Bug #21215
One-shots returning wrong data?
0%
Description
Bill reports that he's occasionally getting DPM_PEND
for his BBM, one-shot requests. He's also seeing the wrong data being returned when it finally succeeds. The situation is this:
- Once a minute, he reads
L:CISM
followed byL:RF3ISM
as one-shots. - If he gets a
DPM_PEND
while readingL:CISM
, he retries up to five times. - Eventually he gives up and moves on to
L:RF3ISM
. - At this point, there's a chance that the reading from the second device looks like data from the first device. These devices are on different front-ends, so it doesn't appear to be a front-end problem.
He provides an example:
Value | Cycle | |||
---|---|---|---|---|
n-2 | n-1 | n | ||
L:CINT |
sum | 0 | 0 | 0 |
beam cycle | 0 | 0 | 0 | |
all cycles | 99,444,749 | 99,445,740 | 99,447,448 | |
L:RF3INT |
sum | 14,176,050,814 | 0 | 14,176,639,292 |
beam cycle | 15,665,785 | 0 | 15,666,365 | |
all cycles | 55,190,564 | 99,446,708 | 55,192,253 |
In cycle (n - 1), it can be seen that the data returned for L:RF3INT
looks like the data expected for L:CINT
.
We need to set up a test to see if the issue is in DPM or the CLIB interface to DPM.
History
#1 Updated by Richard Neswold over 2 years ago
I created an Erlang client which reads the devices once a minute. I wrote it in Erlang to avoid using CLIB so, if my client has issues, then DPM is suspect. If not, we can look at CLIB's code for the problem.
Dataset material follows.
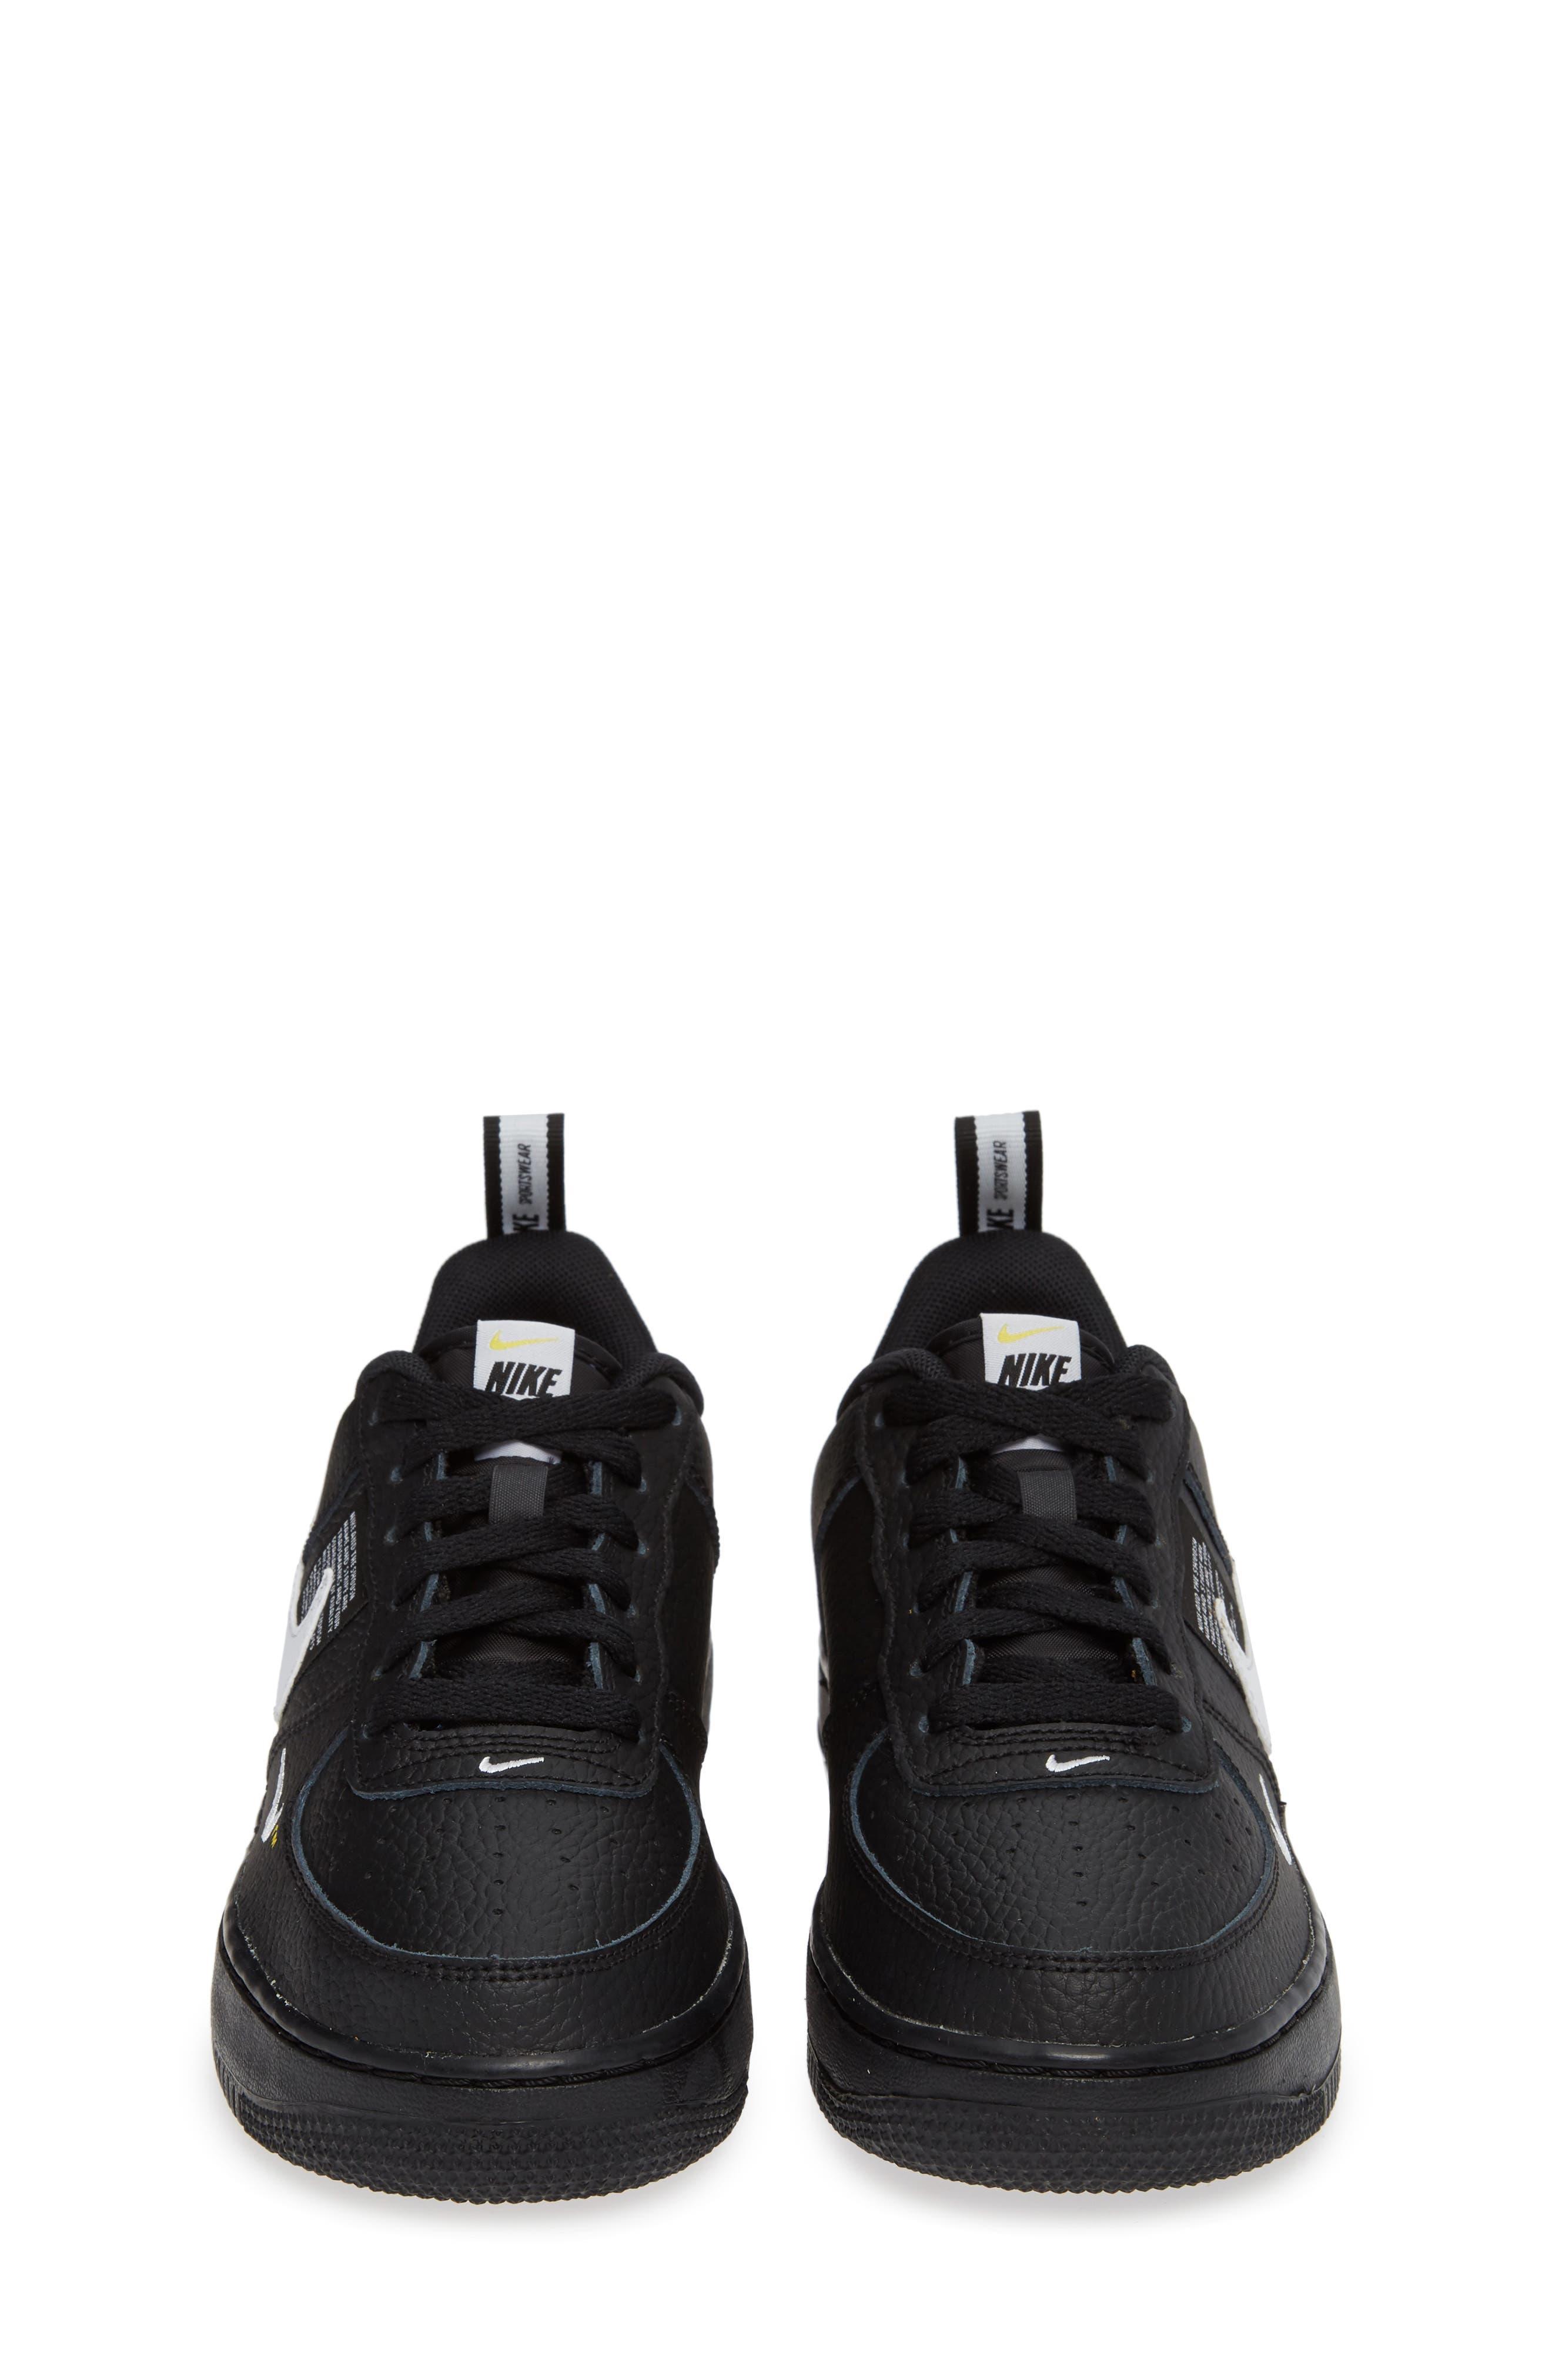 NIKE,                             Air Force 1 LV8 Sneaker,                             Alternate thumbnail 5, color,                             BLACK/ WHITE-BLACK-TOUR YELLOW

It's currently spitting out content like this:
L:RF3ISM(1sh) -> 18,996,620,948, 21,264,196, 67,651,150 L:CISM(1sh) -> 0, 0, 111,939,124 L:CISM(per) -> 0, 0, 111,940,023 L:RF3ISM(per) -> 18,997,136,177, 21,264,729, 67,652,049 time to perform the one-shot requests ignoring {marker,#Ref<0.0.3.171>} L:CISM(1sh) -> 0, 0, 111,940,024 L:RF3ISM(1sh) -> 18,997,136,692, 21,264,730, 67,652,050 L:CISM(per) -> 0, 0, 111,940,923 L:RF3ISM(per) -> 18,997,651,847, 21,265,263, 67,652,949 time to perform the one-shot requests ignoring {marker,#Ref<0.0.3.212>} L:RF3ISM(1sh) -> 18,997,652,361, 21,265,264, 67,652,950 L:CISM(1sh) -> 0, 0, 111,940,924 L:CISM(per) -> 0, 0, 111,941,823 L:RF3ISM(per) -> 18,998,167,185, 21,265,797, 67,653,849
When Bill sees the problem again, I'll look back at the output to see if I saw it too.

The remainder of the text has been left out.